Coke is being nice, and its ad actually has something to do with football. Kudos.
Aaaand More Dogs from Audi
Luckily, the folks at Audi are not trying to break your heart or make you reminiscent of youth football or hit you anywhere in the feely parts. Nope. Not Audi. It's here to satiate our desires to have dogs in everything but also to make us go into horrified chuckling convulsions with the invention of the Doberhuahua.
I know what you're thinking. And, yes, a Doberhuahua is exactly what you think: a crossbreed between a Doberman and a Chihuahua—also known as perhaps the scariest big dog on the planet crossed with perhaps the scariest (and most annoying) small dog on the planet. Audi set out to create a horrifying Dogzilla and succeeded.
Of course, Audi knows it has created a monster. A terrorizing, horrible monster.
Doberhuahua is not your friend. It is your enemy bent on world destruction. It will take over your home, steal your wife, slash the tires on your car and growl at you every time you try changing the channel from Animal Planet. It is not your pet; you now go to the bathroom outside and get hit with a newspaper when you have wronged Doberhuahua.
I love it. I hate it. I am deathly afraid of a world in which we are all ruled by it. If you have disposable income and are in the market for a moderately priced luxury car, please buy an Audi and save us from Doberhuahua.

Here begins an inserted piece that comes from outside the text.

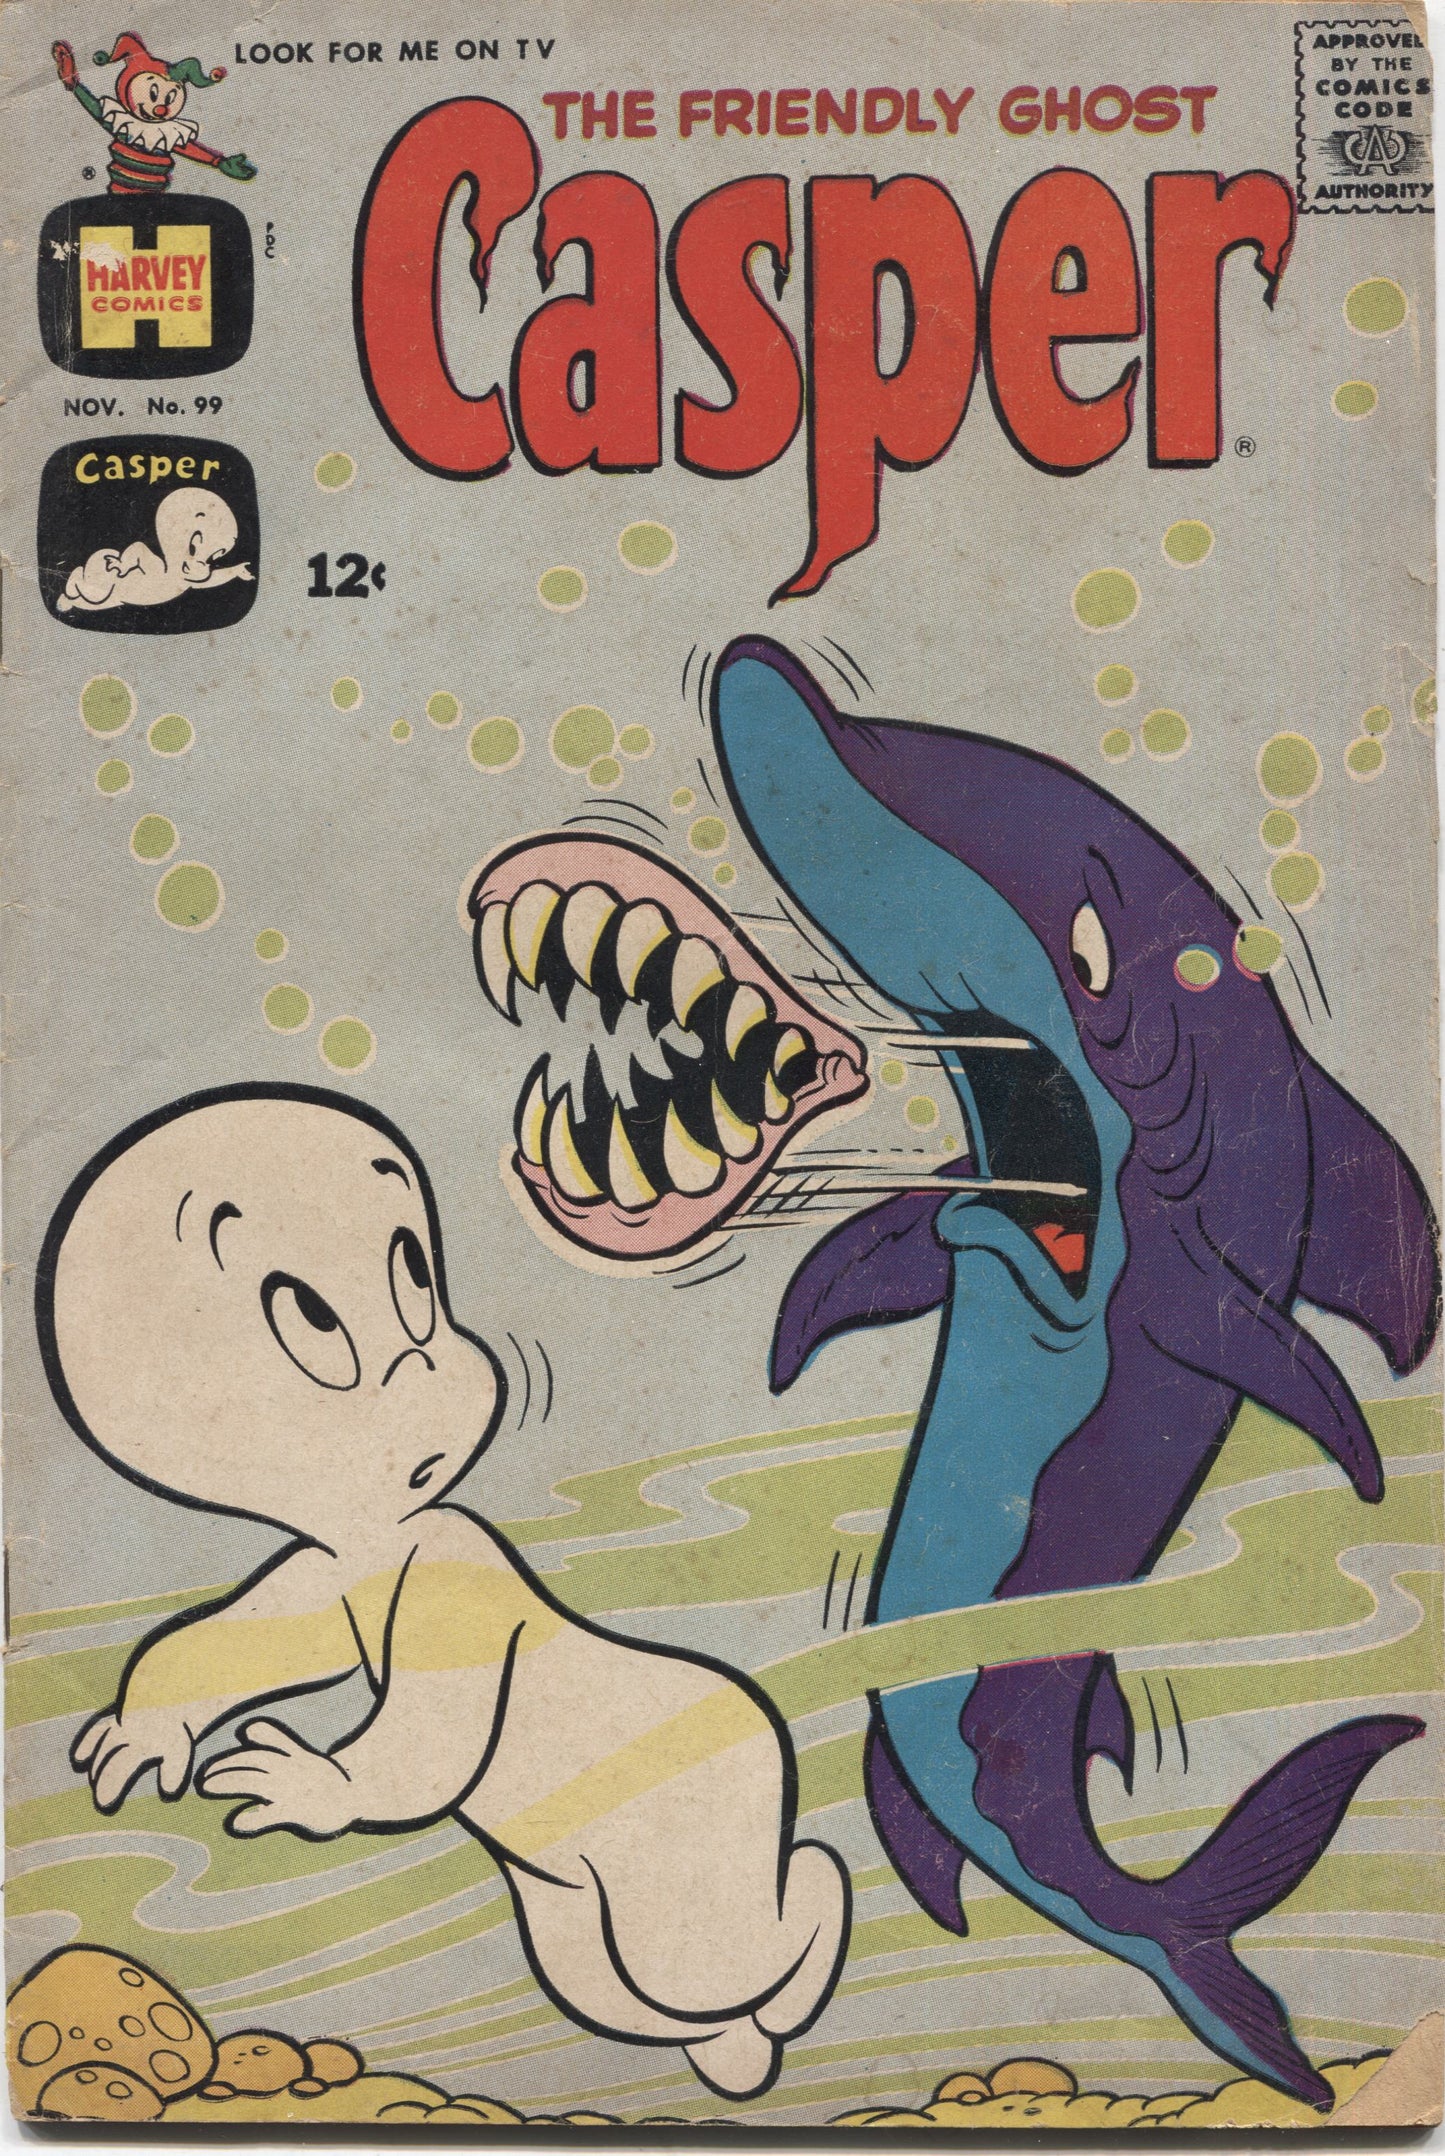 Casper the Friendly Ghost No. 99, Harvey Comics, November 1966

Terry Crews? The Muppets? OK, You've Got Me Listening, Toyota
I'm beginning to feel like the future of the entire auto industry is dependent upon how many cars we buy after the Super Bowl. As more cities begin developing and emphasizing public transit, worldwide car producers have very publicly struggled to stay afloat while trying to find new, innovative ways to attract consumers.
Spending millions of dollars on Super Bowl commercials might seem like a misappropriation of funds. But when you get Terry Crews and the Muppets together in the same minutelong spot, it all seems worth it.
Crews and the Muppets are two different kinds of nostalgia. Everyone knows the Muppets, one of the most iconic creations in American media that has undergone a national renaissance in recent years thanks to the success of The Muppets movie reboot.
Crews is a former NFL linebacker and defensive end turned successful actor. He's also better known as the dude who all of your sports-ignorant friends assume is merely an athlete calling in a favor when he shows up as a bit player in films. Crews is at this best when he's playing against type, and the horrified looks on his face alone as his Toyota gets hijacked are priceless.